▶ [EXERCISE INSTRUCTIONS] Pictures stay out; print the rest of the listing below exactly as it stands.

▶ [RAW DATA]
========================

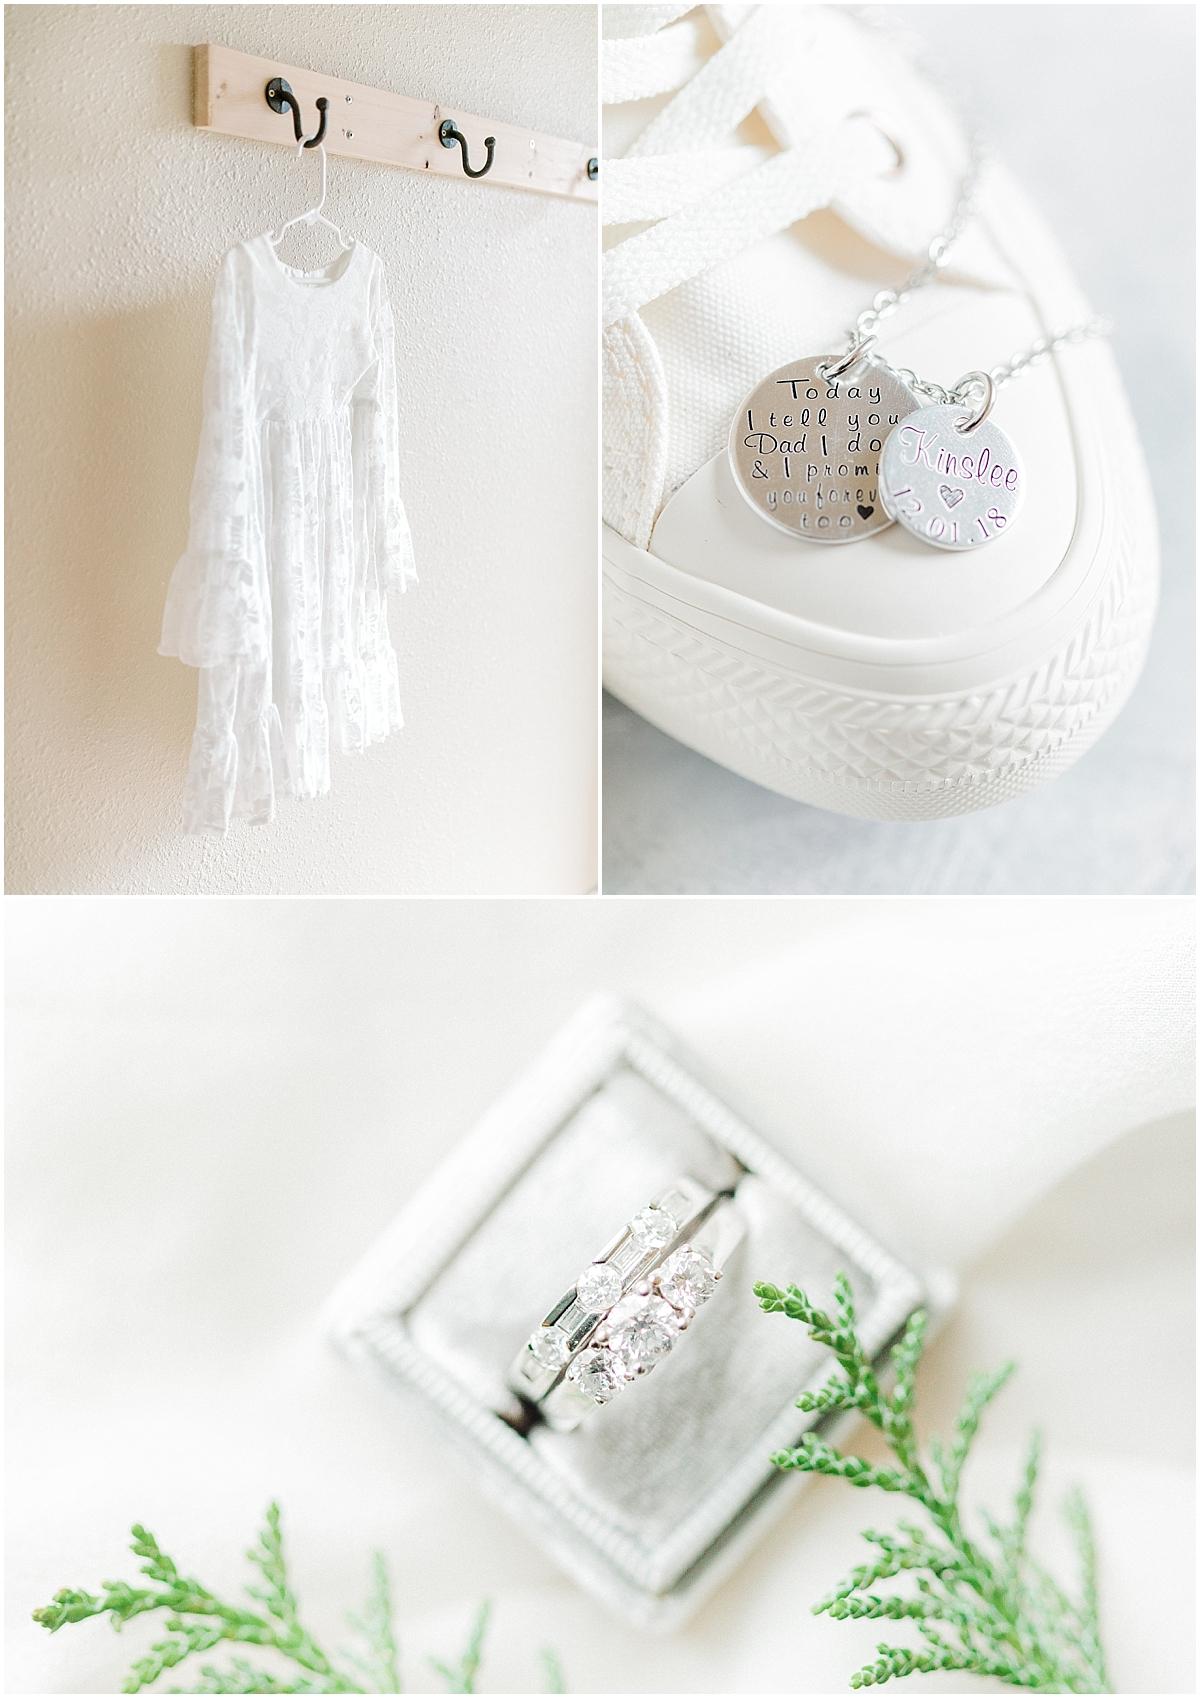 Chehalis Washington Winter Wedding Silver and White | Willapa Hills Farm Wedding | Eastham | Emma Rose Company PNW Light and Airy Wedding Photographer_0007.jpg
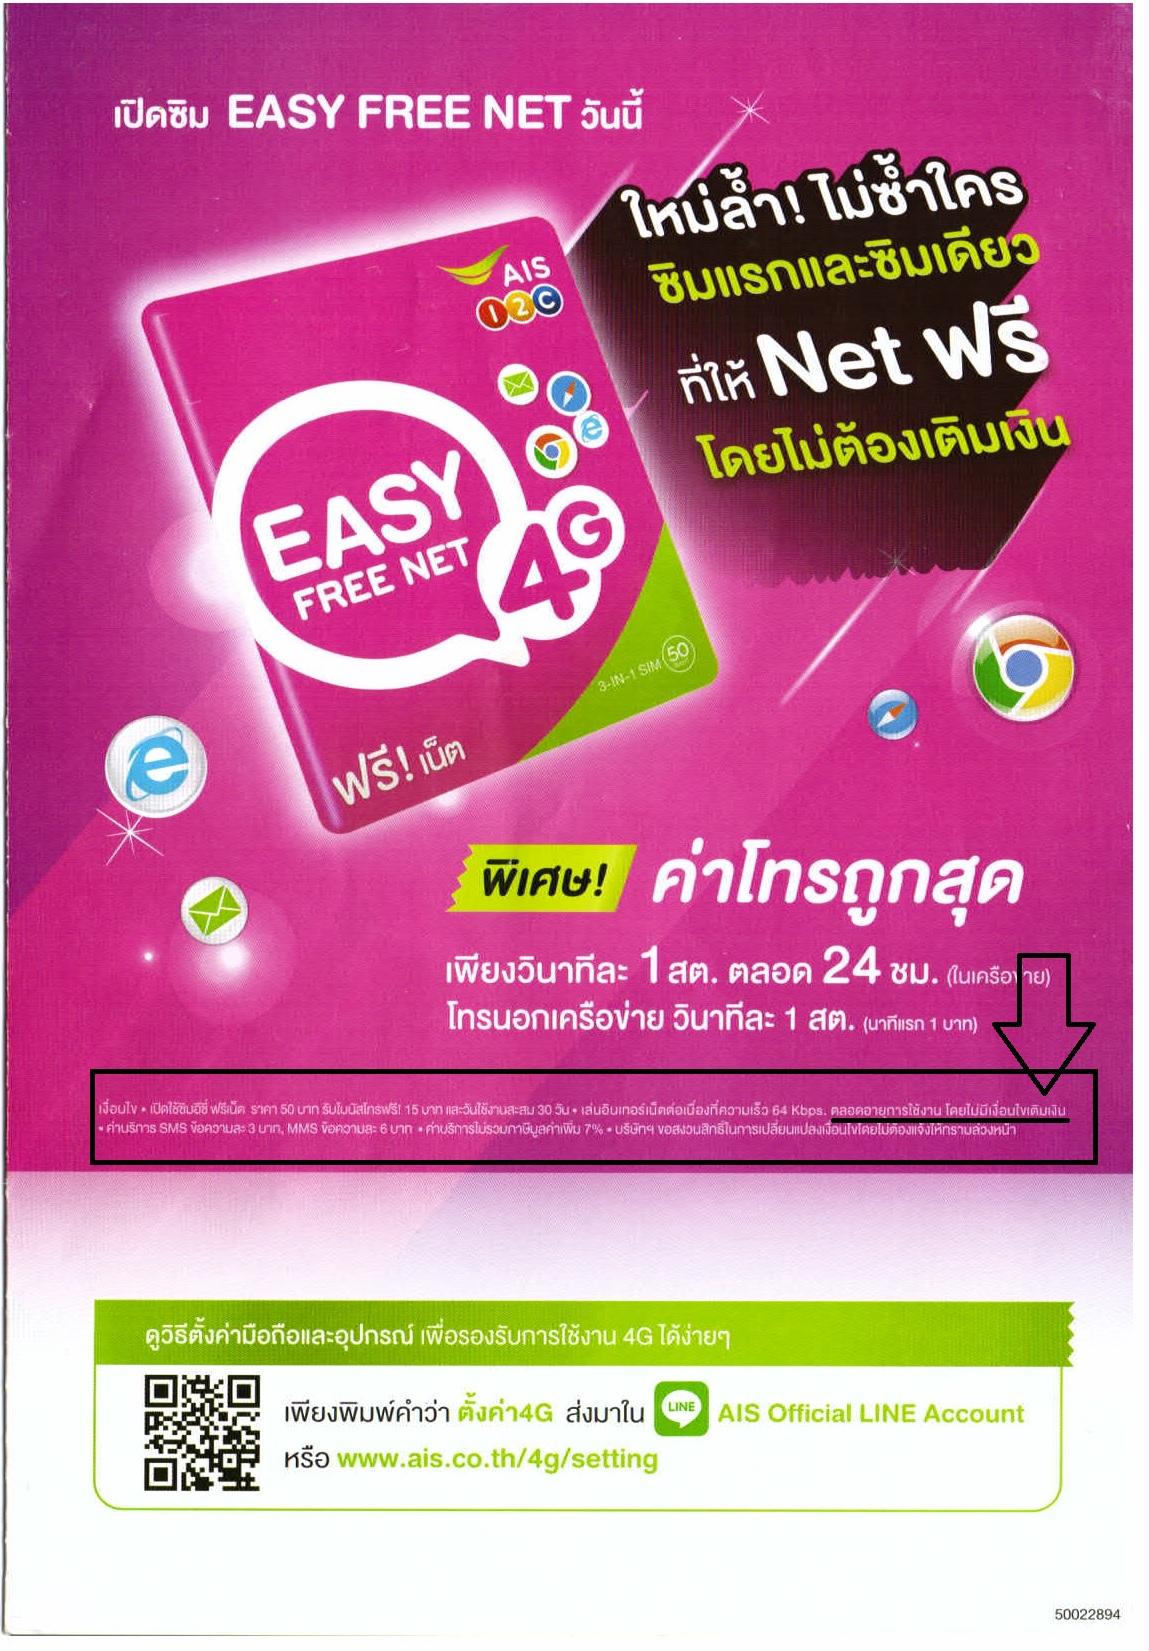 AIS - EASY FREE NET 4G (SIM) - ให้ Net ฟรี โดยไม่ต้องเติม
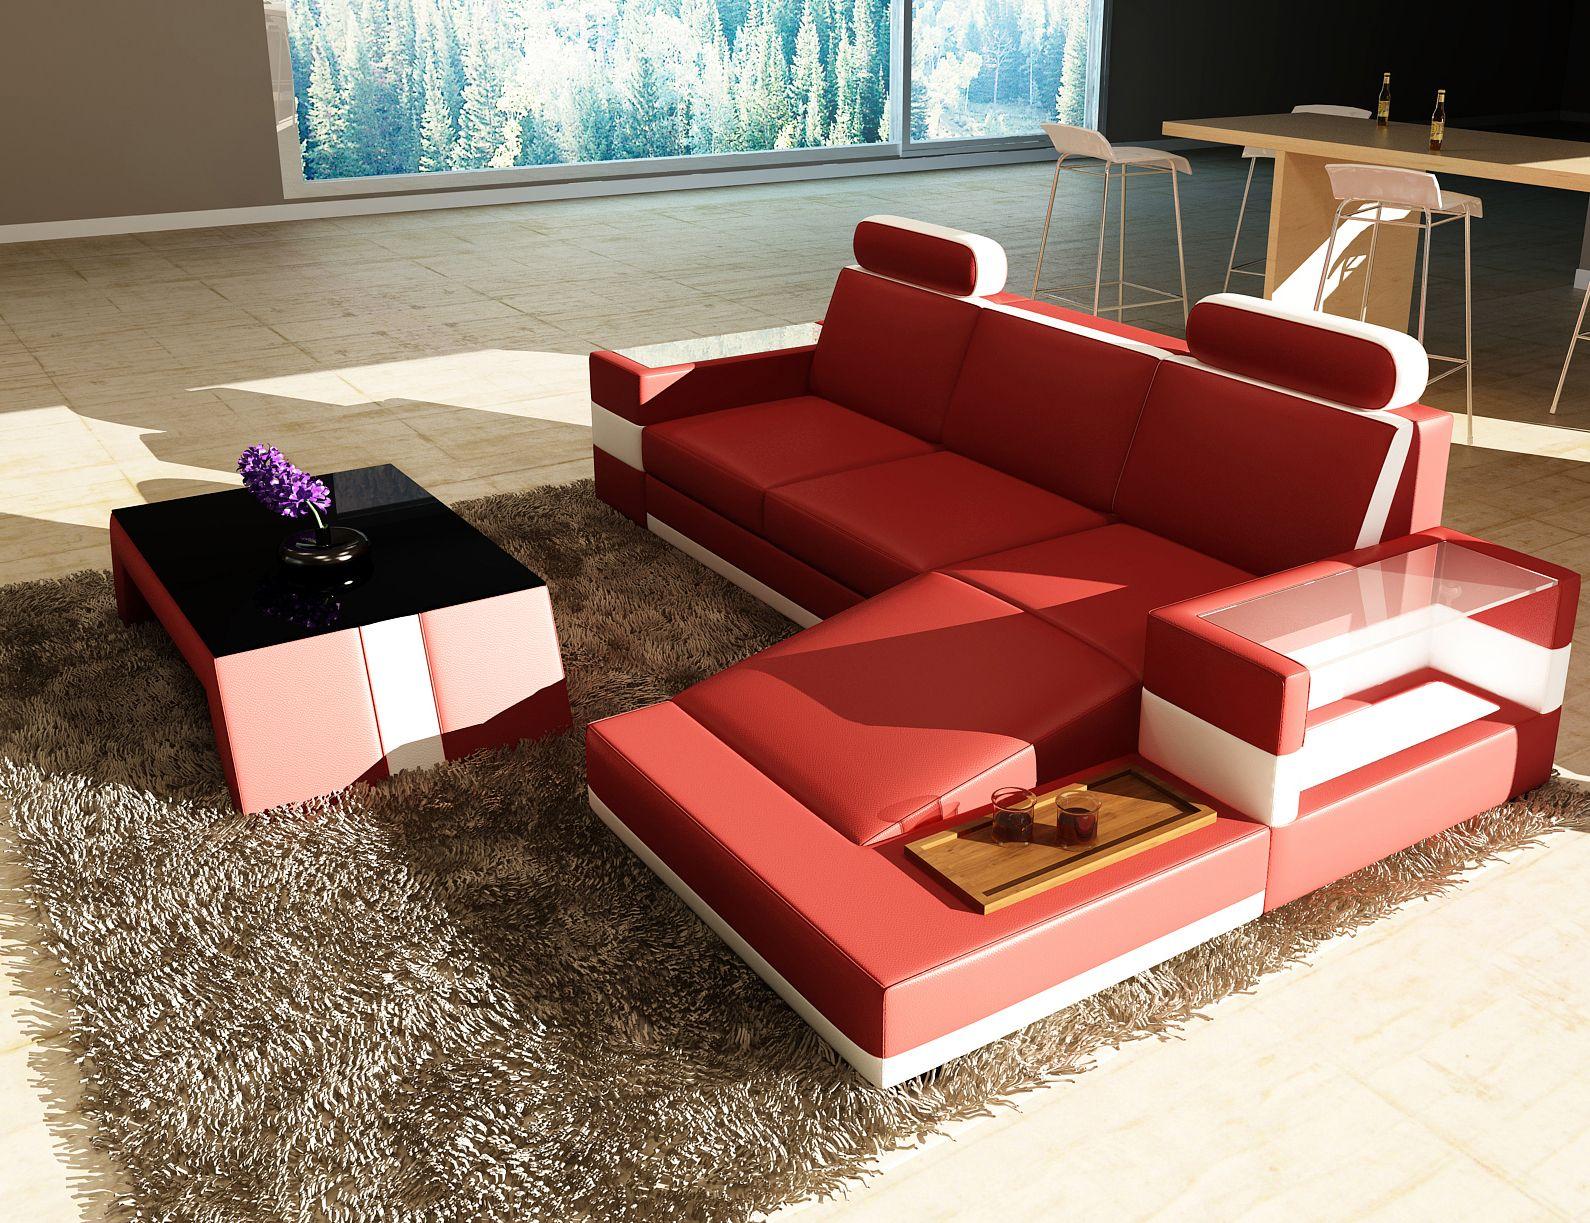 Schnittsofa schnittsofa modell 5100bdie m bel aus italien - Mobel aus italien ...

========================

▶ [ANSWER SPACE]
 Chehalis Washington Winter Wedding Silver and White | Willapa Hills Farm Wedding | Eastham | Emma Rose Company PNW Light and Airy Wedding Photographer_0007.jpg
 AIS - EASY FREE NET 4G (SIM) - ให้ Net ฟรี โดยไม่ต้องเติม
 Schnittsofa schnittsofa modell 5100bdie m bel aus italien - Mobel aus italien ...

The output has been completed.